I think the problem is with the domain hais2018.uniovi.es. I was not the administrador who created the certificate 3 months ago, but I was informed that he created the certificate for both domains: seimem.uniovi.es and hais2018.uniovi.es. Now I guess that the certificate was only created for seimem.uniovi.es . If I renew the certificate only for seimem.uniovi.es I get an sucessfully output. How can I add hais2018.uniovi.es to the current certificate? Or the problem is related with the DNS register of hais2018.uniovi.es? I’ve tried to renew the certificate only with hais2018.uniovi.es and the output is the same… (No valid IP addresses found for hais2018.uniovi.es)

@delacal, I can’t see any issue with your ip, it is configured the same way for both domains… anyway, I’m seeing you already issued a new cert for hais2018 domain.
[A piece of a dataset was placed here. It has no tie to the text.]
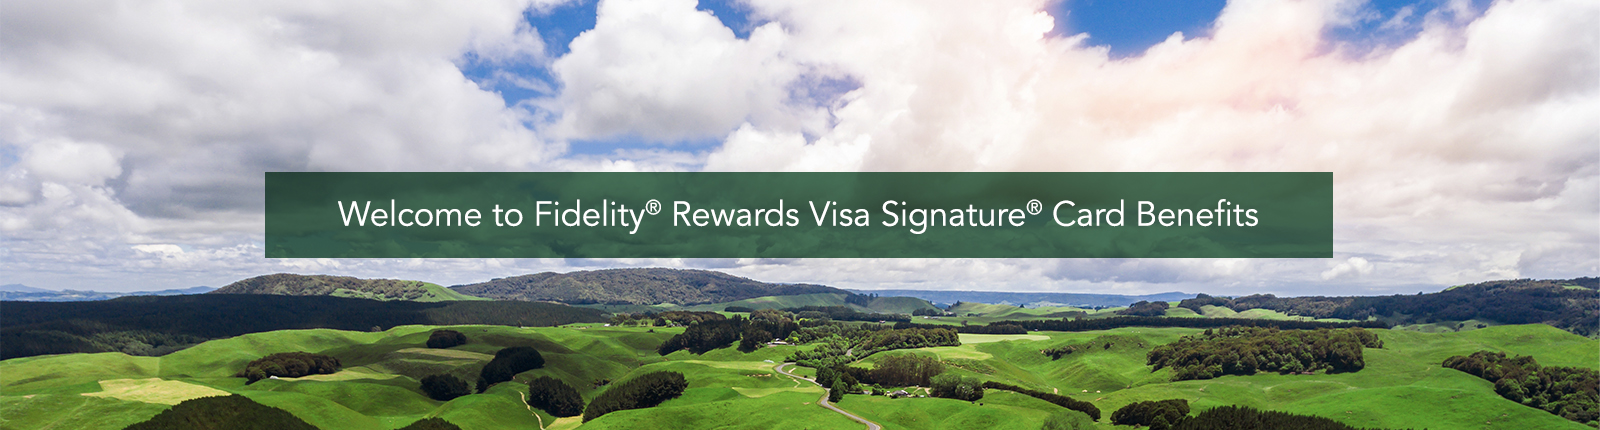 Fidelity® Rewards Visa Signature® Card
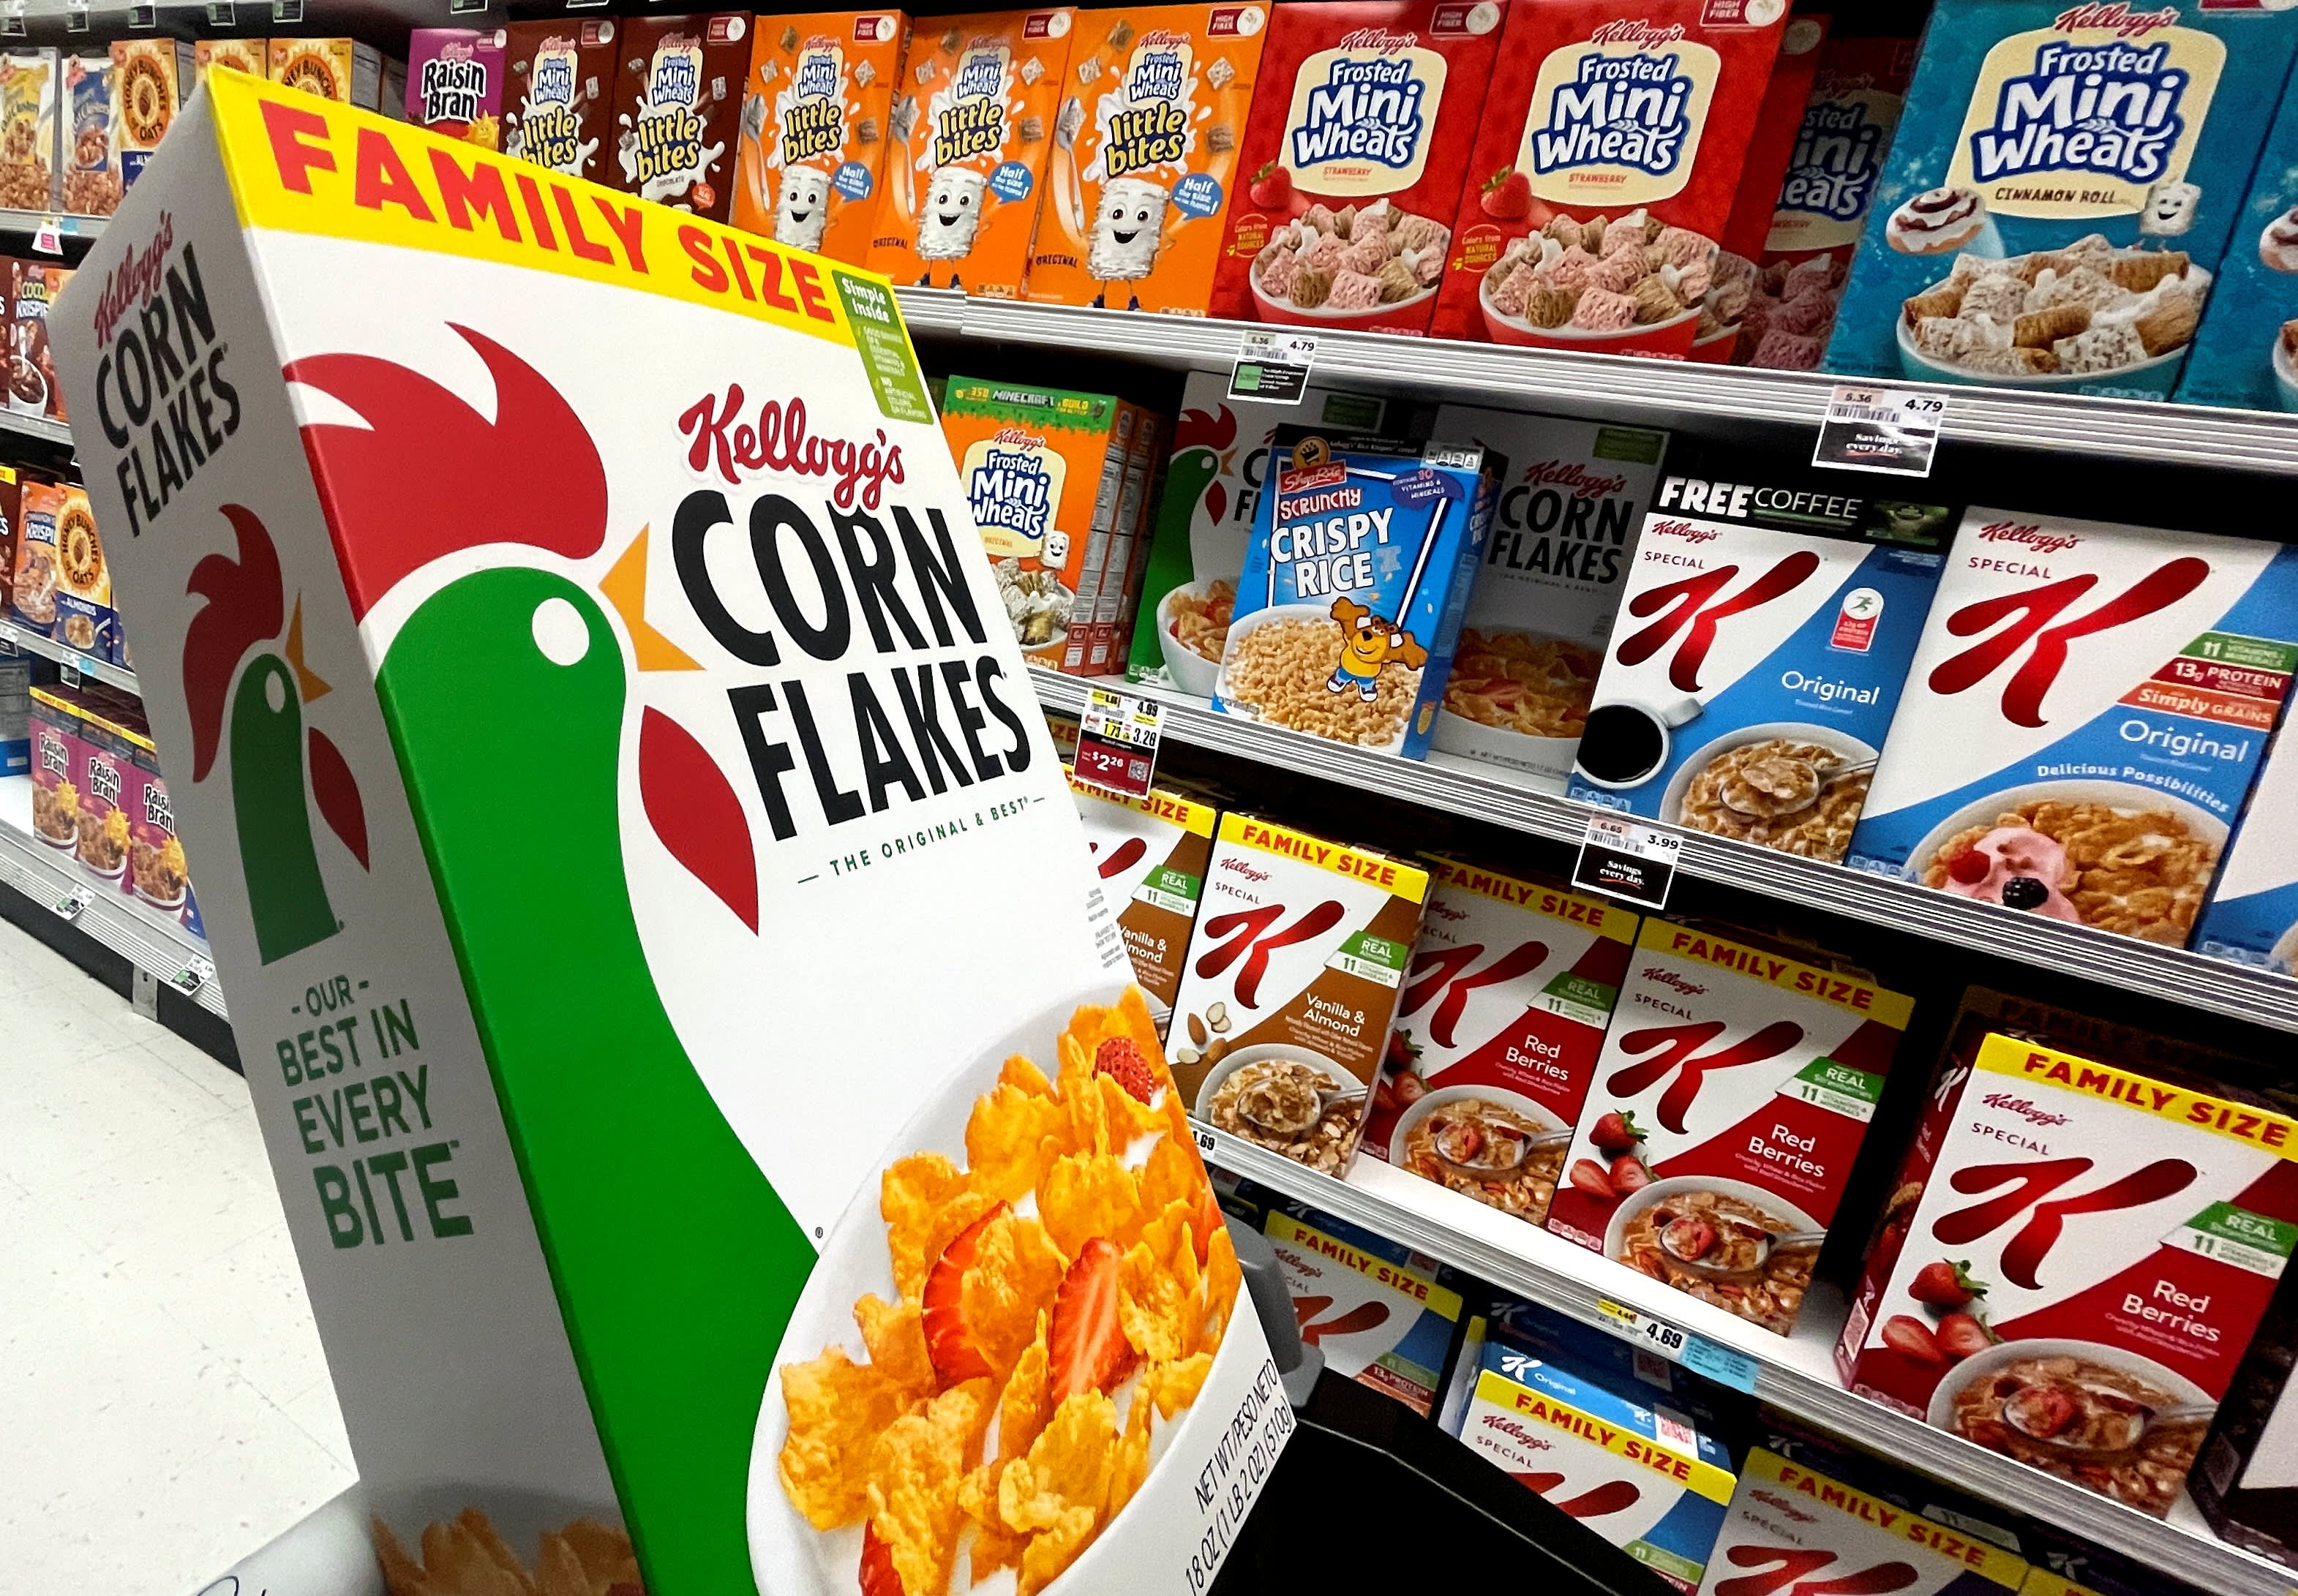 Kellogg's cereal business WK Kellogg begins trading

CRT ID     DOMAIN (CN)         VALID FROM             VALID TO               EXPIRES IN  SANs
331328841  hais2018.uniovi.es  2018-Feb-15 08:53 UTC  2018-May-16 08:53 UTC  89 days     hais2018.uniovi.es

Hello.

I’ve just obtained a new certificate using this command:
./letsencrypt-auto certonly --verbose -a webroot -i apache -w /mnt/datos/www/html/hais2018/ -d hais2018.uniovi.es http://hais2018.uniovi.es/
and the output was successfully:

Writing new config /etc/letsencrypt/renewal/hais2018.uniovi.es.conf.
Reporting to user: Congratulations! Your certificate and chain have been saved at:
/etc/letsencrypt/live/hais2018.uniovi.es/fullchain.pem
Your key file has been saved at:
/etc/letsencrypt/live/hais2018.uniovi.es/privkey.pem
Your cert will expire on 2018-05-16. To obtain a new or tweaked version of this certificate in the future, simply run letsencrypt-auto again. To non-interactively renew all of your certificates, run "letsencrypt-auto renew"
Reporting to user: If you like Certbot, please consider supporting our work by:

Donating to ISRG / Let’s Encrypt: https://letsencrypt.org/donate
Donating to EFF: https://eff.org/donate-le

IMPORTANT NOTES:

  • Congratulations! Your certificate and chain have been saved at:
    /etc/letsencrypt/live/hais2018.uniovi.es/fullchain.pem
    Your key file has been saved at:
    /etc/letsencrypt/live/hais2018.uniovi.es/privkey.pem
    Your cert will expire on 2018-05-16. To obtain a new or tweaked
    version of this certificate in the future, simply run
    letsencrypt-auto again. To non-interactively renew all of your
    certificates, run “letsencrypt-auto renew”
  • If you like Certbot, please consider supporting our work by:

But previously I had run the same command without —verbose:
./letsencrypt-auto certonly -a webroot -i apache -w /mnt/datos/www/html/hais2018/ -d hais2018.uniovi.es http://hais2018.uniovi.es/

and I had gotten the Unknown IP address Error for hais2018.

I know that in 3 months I have to renew both certificates… and I don’t know how to ensure that I won’t have problems. Any idea?

Regards.

Enrique.

There is no need to put http://hais2018.uniovi.es/ on your command, also using --verbose should have no effect on the result, just that you get more info about the process.

Maybe there was some kind of issues with your authoritative DNS servers or maybe from Let’s Encrypt side but seems it was just a temporary error, I won’t worry about it.

sahsanu https://community.letsencrypt.org/u/sahsanu Community leader
February 15
delacal:
./letsencrypt-auto certonly --verbose -a webroot -i apache -w /mnt/datos/www/html/hais2018/ -d hais2018.uniovi.es http://hais2018.uniovi.es/ http://hais2018.uniovi.es/
There is no need to put http://hais2018.uniovi.es/ on your command, also using --verbose should have no effect on the result, just that you get more info about the process.

I so sorry, It was only a typing mistake. The right command I typed was:

./letsencrypt-auto certonly --verbose -a webroot -i apache -w /mnt/datos/www/html/hais2018/ -d hais2018.uniovi.es

1 Like

This topic was automatically closed 30 days after the last reply. New replies are no longer allowed.